The predicted amino acid sequences for these anchor-determining domains are shown in Figure 3. Both the sequences with the CEA package and the Ceb package possess, in addition to the stop codons, upstream changes (relative to the sequences of TM-anchored domains) necessary for efficient GPI processing (Englund, 1993). The latter (Figure 3, open arrowheads) represent changes toward hydrophilicity, one of which, the I-to-T change (first bolded amino acid in consensus sequences; also underlined in Figure 1 as the ACT codon), has been shown directly to markedly enhance the GPI processing efficiency of CEACAM1 mutated to include the CEA stop (from 5 to 56%) (Naghibalhossaini and Stanners, 2004). The “consensus” sequences obtained from all species for five such residues (indicated in bold in Figure 3), including the above-mentioned T residue, are strikingly similar for both the CEA-stop and Ceb-stop GPI domains, and they differ from these residues in the consensus sequence of TM domains. These observations predict that the Ceb package would also signal to give efficient GPI processing.

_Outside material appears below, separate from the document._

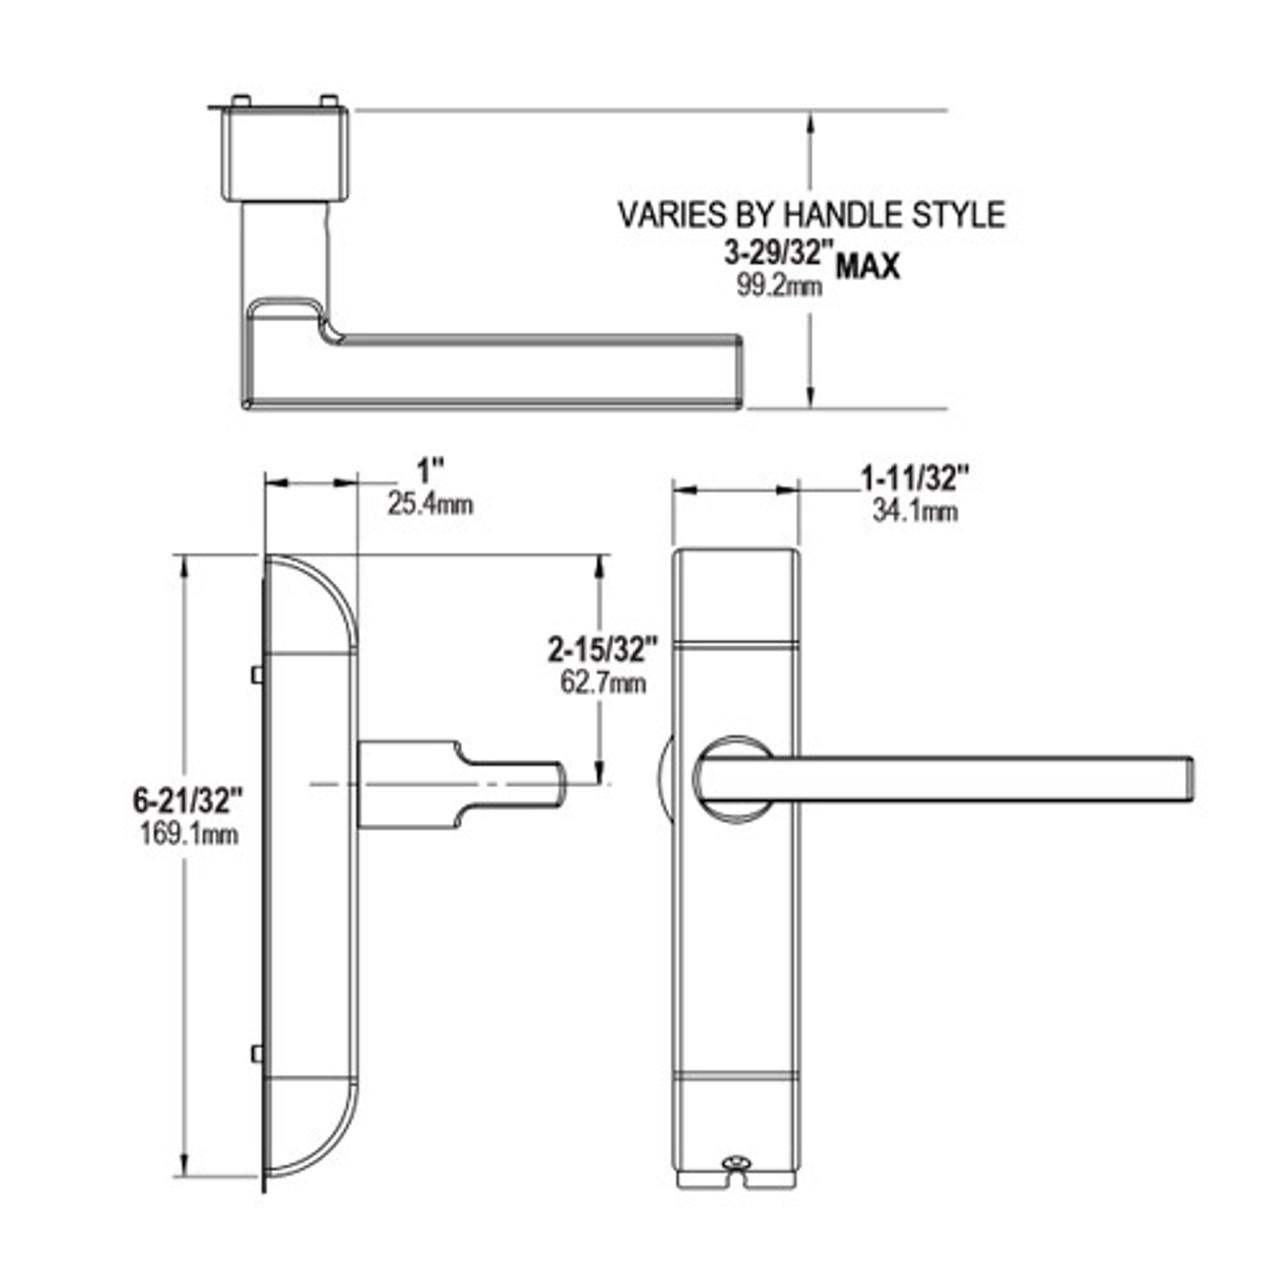 4600M-MI-621-US3 Adams Rite MI Designer handle Dimensional View

The Novel Mutational Ceb Package Gives Efficient GPI Processing

To verify experimentally whether the Ceb mutational package leads to the expression of a cell surface GPI-linked protein, a chimeric cDNA consisting of 25 amino acids from the carboxy-terminal exon of the CMO monkey containing the Ceb package linked to the extracellular domains of human TM-anchored CEACAM1-4L was constructed. This chimeric cDNA, denoted “CC1-CMO,” was stably transfected into the CHO-derived cell line LR-73, and it was expected to use the upstream Ala residue at the site of the chimeric junction or the Ser residue two residues downstream as the ω site for cleavage and addition of the GPI anchor (Figure 3). The cell surface localization of the expressed CC1-CMO chimeric protein was confirmed by FACS analysis of whole transfectant cells; the GPI cell surface anchorage of the protein was demonstrated by its complete sensitivity to PI-PLC digestion (Figure 4A).

Figure 4.

Figure 4.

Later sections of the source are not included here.